English Victoria Cross recipient (1883–1918)

Ernest Frederick Beal VC (27 January 1883 - 22 March 1918) was an English recipient of the Victoria Cross, the highest and most prestigious award for gallantry in the face of the enemy that can be awarded to British and Commonwealth forces.

Beal was born to John J. W. and Jane Stillman Beal, who resided at 55, East St., Brighton.

==Military==
Beal was 35 years old, and a temporary second lieutenant in 13th Battalion, The Yorkshire Regiment (Alexandra, Princess of Wales's Own), British Army during the First World War, and was awarded the Victoria Cross for his actions on 21/22 March 1918 at St-Léger, France.
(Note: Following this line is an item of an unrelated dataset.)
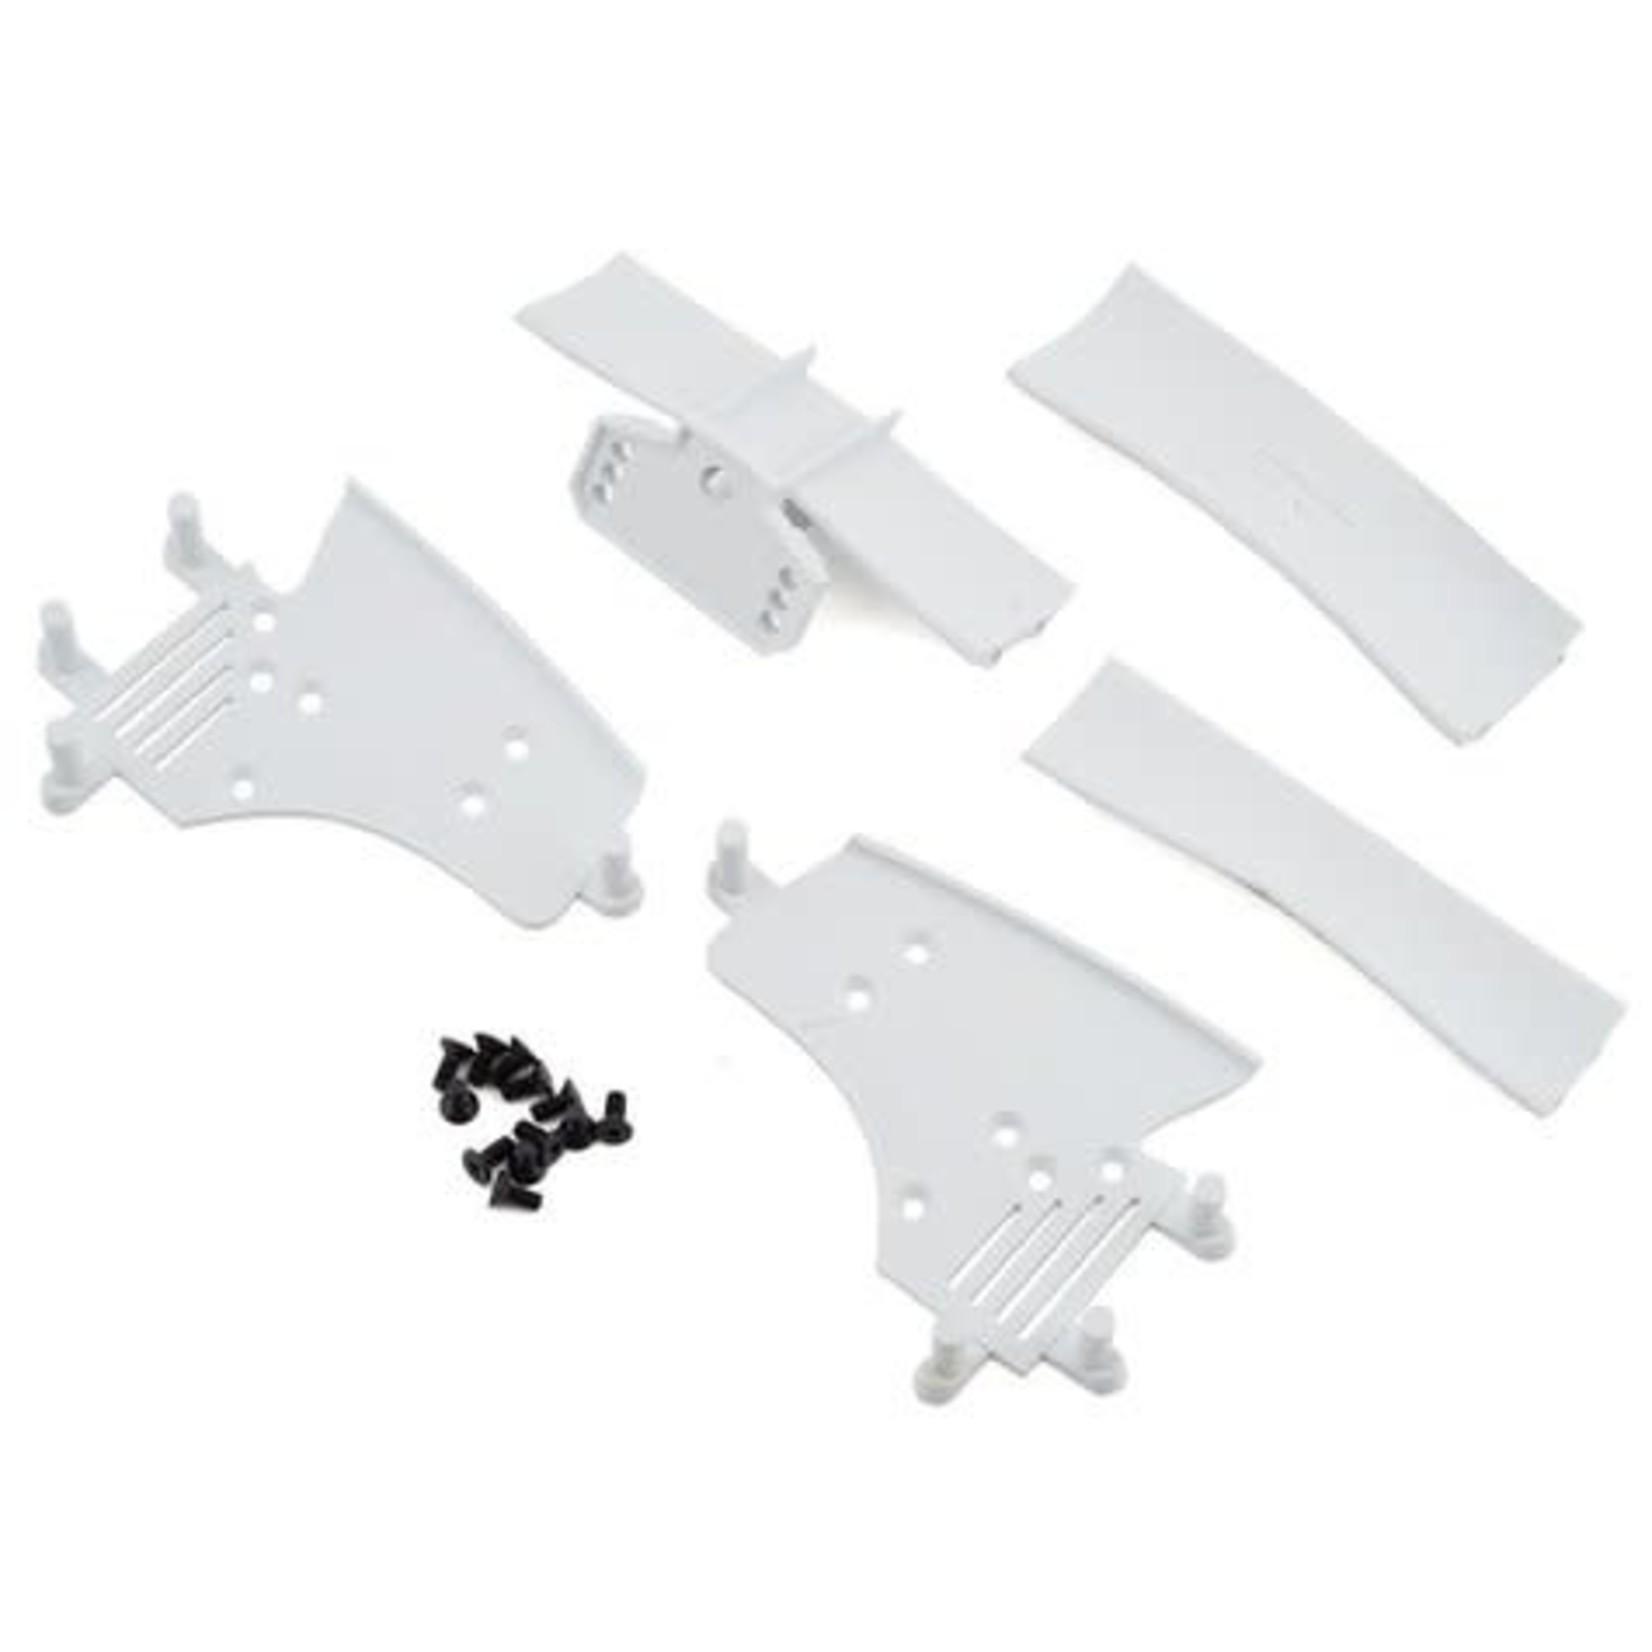 PROTOform 1/10 F1 Rear Wing (White)

For most conspicuous bravery and determined leading when in command of a company detailed to occupy a certain section of trench. When the company was established, it was found that a considerable gap of about 400 yards existed between the left flank of the company and the neighbouring unit, and that this gap was strongly held by the enemy. It was of vital importance that the gap should be cleared, but no troops were then available. Organising a small party of less than a dozen men, he led them against the enemy. On reaching an enemy machine gun, 2nd Lt. Beal immediately sprang forward, and with his revolver killed the team and captured the gun. Continuing along the trench he encountered and dealt with another machine gun in the same manner, and in all captured four enemy guns, and inflicted severe casualties. Later in the evening, when a wounded man had been left in the open under heavy enemy fire, he, regardless of danger, walked up close to an enemy machine gun and brought in the wounded man on his back. 2nd Lt. Beal was killed by a shell on the following morning.
— London Gazette, 31 May 1918

==Commemoration==
Beal is commemorated on the Arras Memorial. His Victoria Cross is displayed at the Green Howards Museum, Richmond, North Yorkshire, England. Two Brighton & Hove buses have been named after him. Additionally, he is named on the panels commemorating the fallen from the First World War in the hall of Brighton, Hove and Sussex Sixth Form College, for alumni of the preceding institution, Brighton, Hove and Sussex Grammar School.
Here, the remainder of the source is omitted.